Fig. 1 The fraction of amino acids on the surfaces of proteins found in three different locations: human proteins (N = 1162), human cytoplasmic proteins (N = 221), and human extracellular (N = 34) proteins. The y-axis is the median of the fractions of each amino acid over the entire dataset. The figure shows the large fraction of charged residues on protein surfaces, in particular E and K. The error bars are standard errors. |
The protein dataset is further broken into the cytoplasm and extracellular. The extracellular environment, the space between cells, generally is not as crowded8 as the cytoplasm and we expect that nonspecific binding is not as interfering compared to the cytoplasm. As seen from our results, the largest difference between cytoplasmic and extracellular proteins is the larger fraction of charged amino acids: 43.8% ± 0.3% for the cytoplasm and 37.5% ± 0.7% for the extracellular. The extracellular dataset is lower in charged amino acids, but higher in polar hydrophilic amino acids (27.3% ± 0.2% vs. 23.7 ± 0.6%), among which specifically serine (S) and threonine (T) are more abundant than those in the cytoplasm. Polar hydrophilic amino acids are S, T, asparagine (N), and glutamine (Q). These results generally follow the trends seen by Andrade et al.,30 who examined a similar though smaller dataset. In the cytoplasm, a crowded environment prone to protein aggregation,8 the proteins have more E and K. Thus, the K and E play an important role in these nonspecific interactions. Evidence that E and K are located in nonspecific regions of protein surfaces (unrelated to function) can be found in work from Jimenez as well, who analyzed protein surfaces broken into regions related to protein function and regions unrelated to function.31 He showed an increase of 36% of charged amino acids in regions unrelated to function relative to regions related to function. See Fig. S1–S3† for a more detailed analysis of the error and sensitivity of these results.

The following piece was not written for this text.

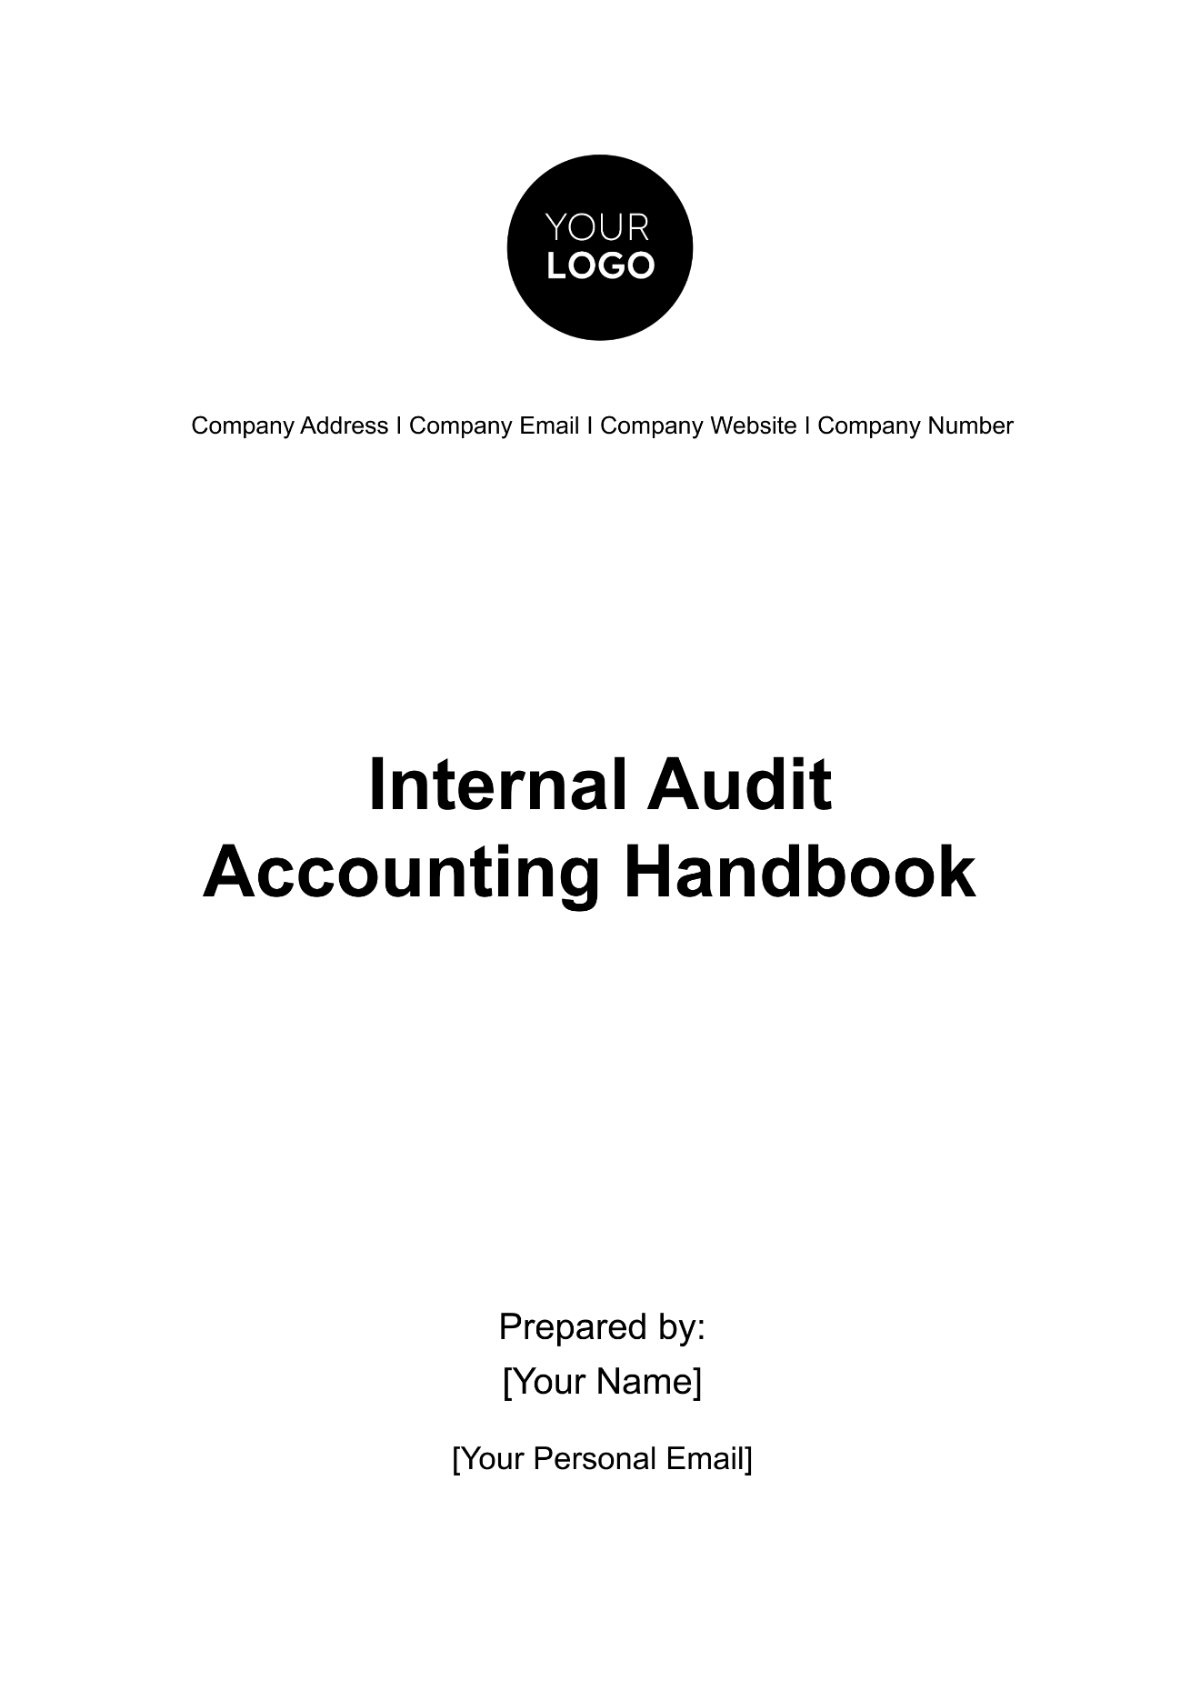 Internal Audit Accounting Handbook Template

A similar abundance analysis on the interiors of molecular chaperones’ abundance is shown in Fig. 2. The analysis here though is for the interior of a single chaperone protein complex. All the chaperones are in the closed (cis) conformation, during which encapsulated substrate proteins are folding. Again E and K are the most common amino acids in the interior cavities of this collection of chaperone proteins. The fraction of E and K is much larger than for the previous dataset and the fraction of E and K is over 20% on these large proteins. The fraction of charged amino acids, in general, is much higher as well for the molecular chaperones. A dataset containing 528 Escherichia coli (E. coli) protein surfaces was constructed to ensure the results seen on GroEL–GroES are not simply general to E. coli proteins. Also, it is possible to calculate if the fraction of charged amino acids is significant on the chaperone interiors. The fraction of charged amino acids on the surface of E. coli GroEL–GroES is 56%, which is a higher fraction than 98% of all of the E. coli proteins considered (shown in blue in Fig. 2). This large fraction of charged amino acids has been noted before.10,11 However, here we can see exactly which amino acids are more common than expected (E) and how significant it is. Fig. 2 also shows how the interior cavity surface changes between the mesophilic GroEL–GroES and thermophilic GroEL–GroES (optimal growth temperature of 65 °C). Protein folding is typically more difficult at higher temperatures due to the increasing importance of entropy as temperature increases, and thus the thermophilic GroEL–GroES represents a more challenged chaperone. The fraction of charged amino acids is increased to 70% for the thermophilic GroEL–GroES, with most of the increase coming from E and K. Molecular chaperones, where nature requires strong stealth against many protein types, appear to use charged amino acids to accomplish this. E and K are the most utilized charged amino acids in both systems considered.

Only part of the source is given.